* Task to complete: From the line containing "Are Headers Worth" through the last line of the material, copy every line exactly, both ends inclusive; do not copy pictures.

* Information shown:
=-=-=-=-=
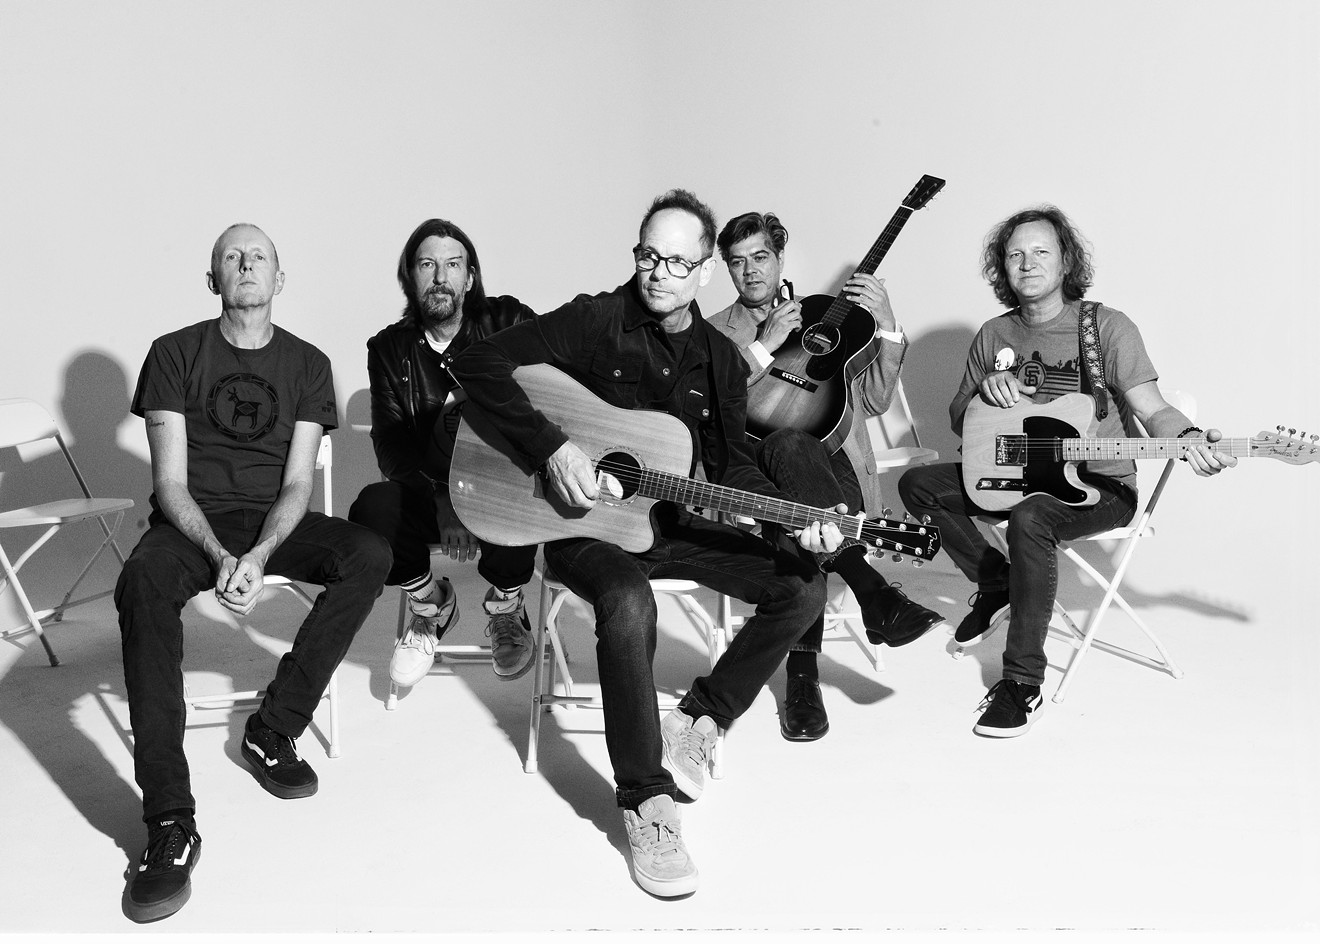 Gin Blossoms are scheduled to perform on Tuesday, August 13, at Comerica Theatre.
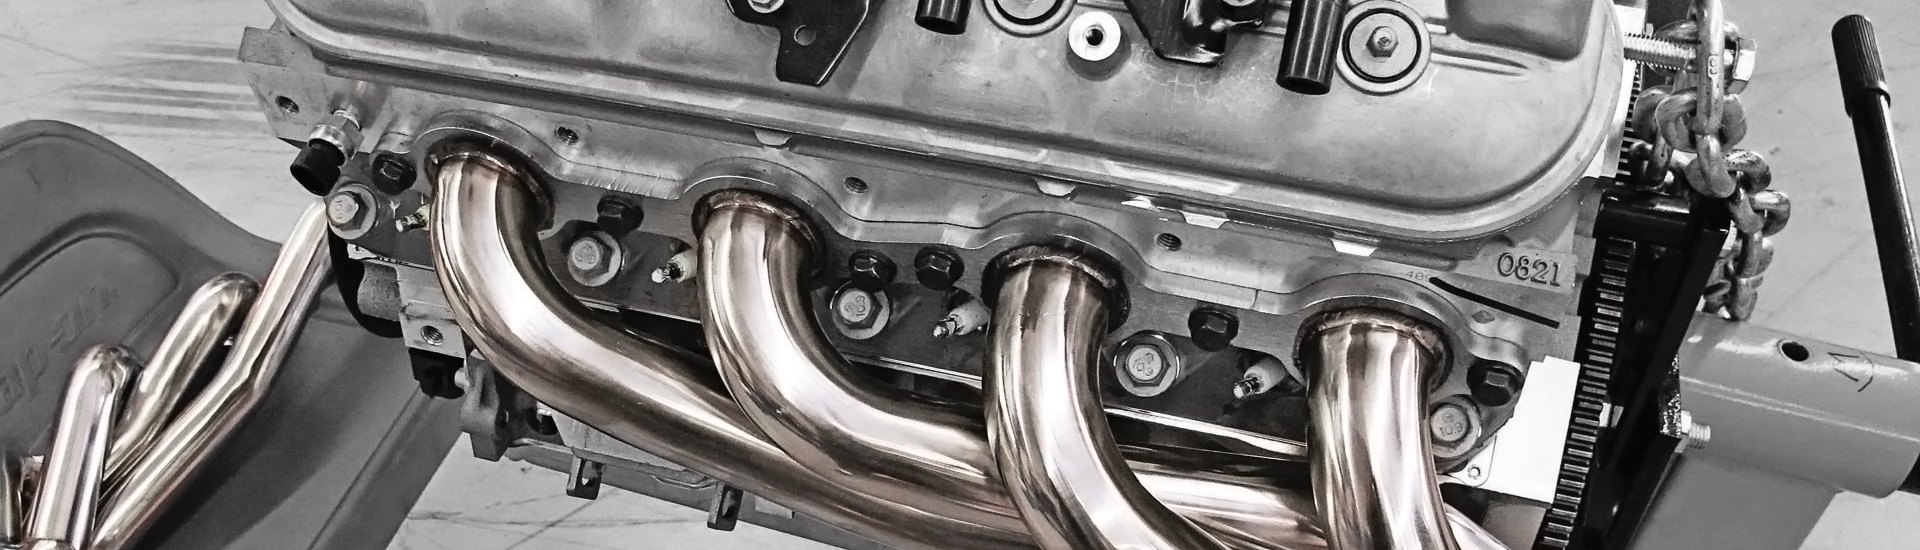 Are Headers Worth the Performance Improvement?
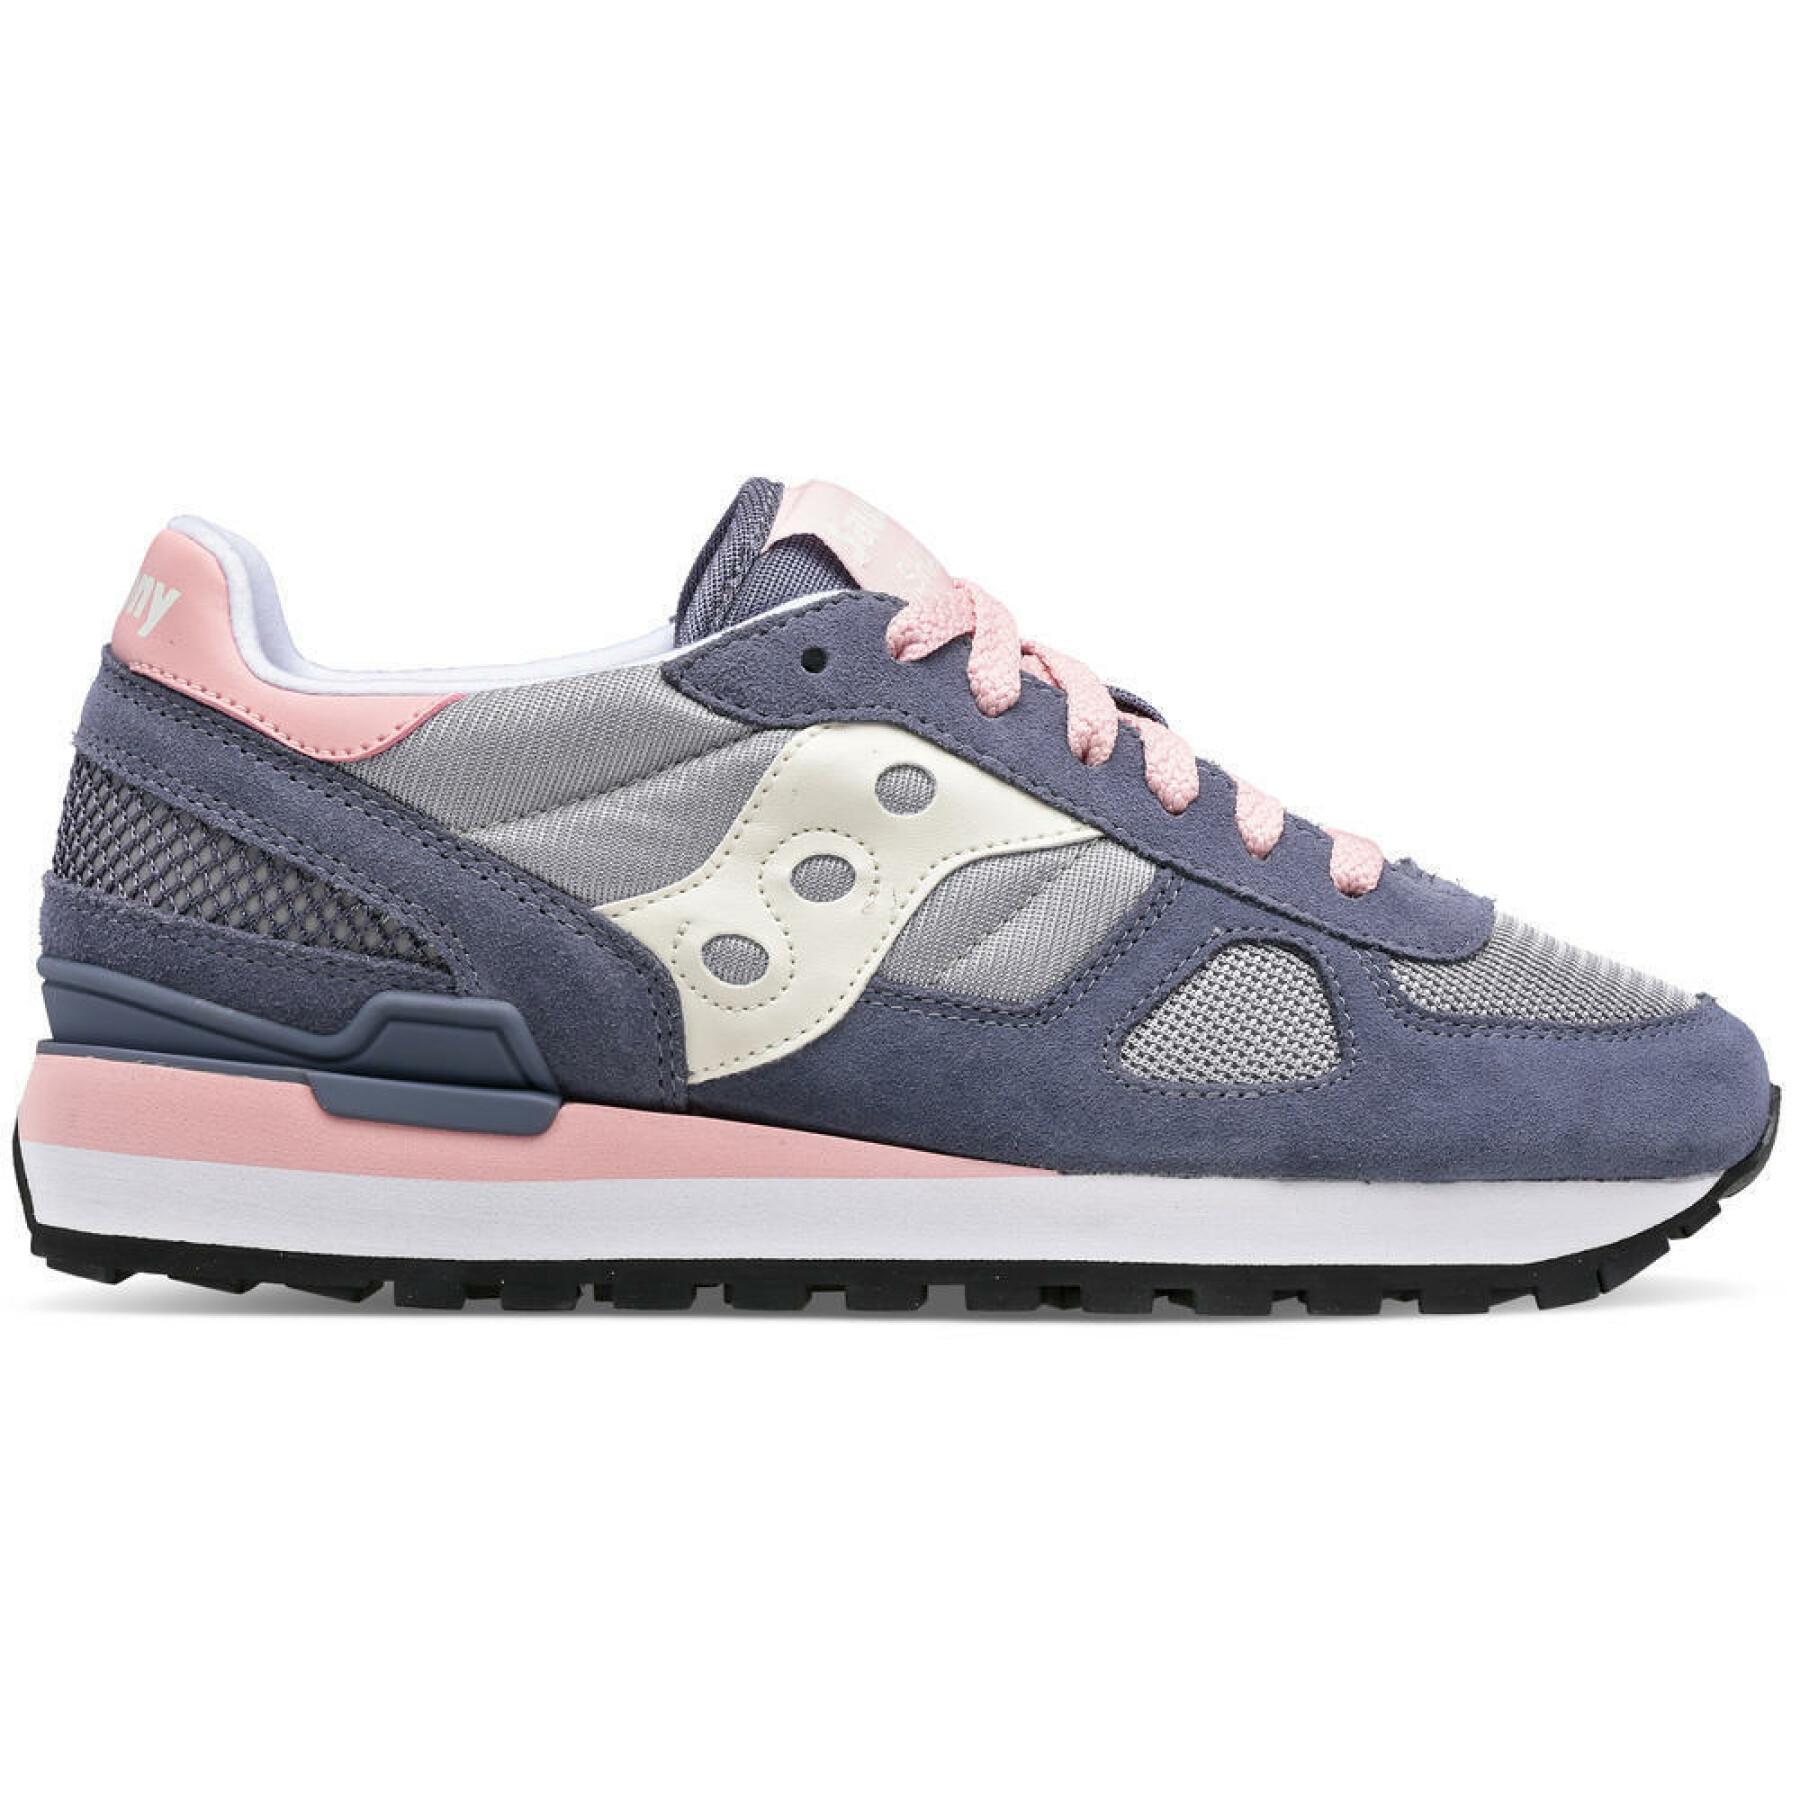 Chaussures femme Saucony Shadow Original - Sneakers - Chaussures
=-=-=-=-=
* The answer:
 Are Headers Worth the Performance Improvement?
 Chaussures femme Saucony Shadow Original - Sneakers - Chaussures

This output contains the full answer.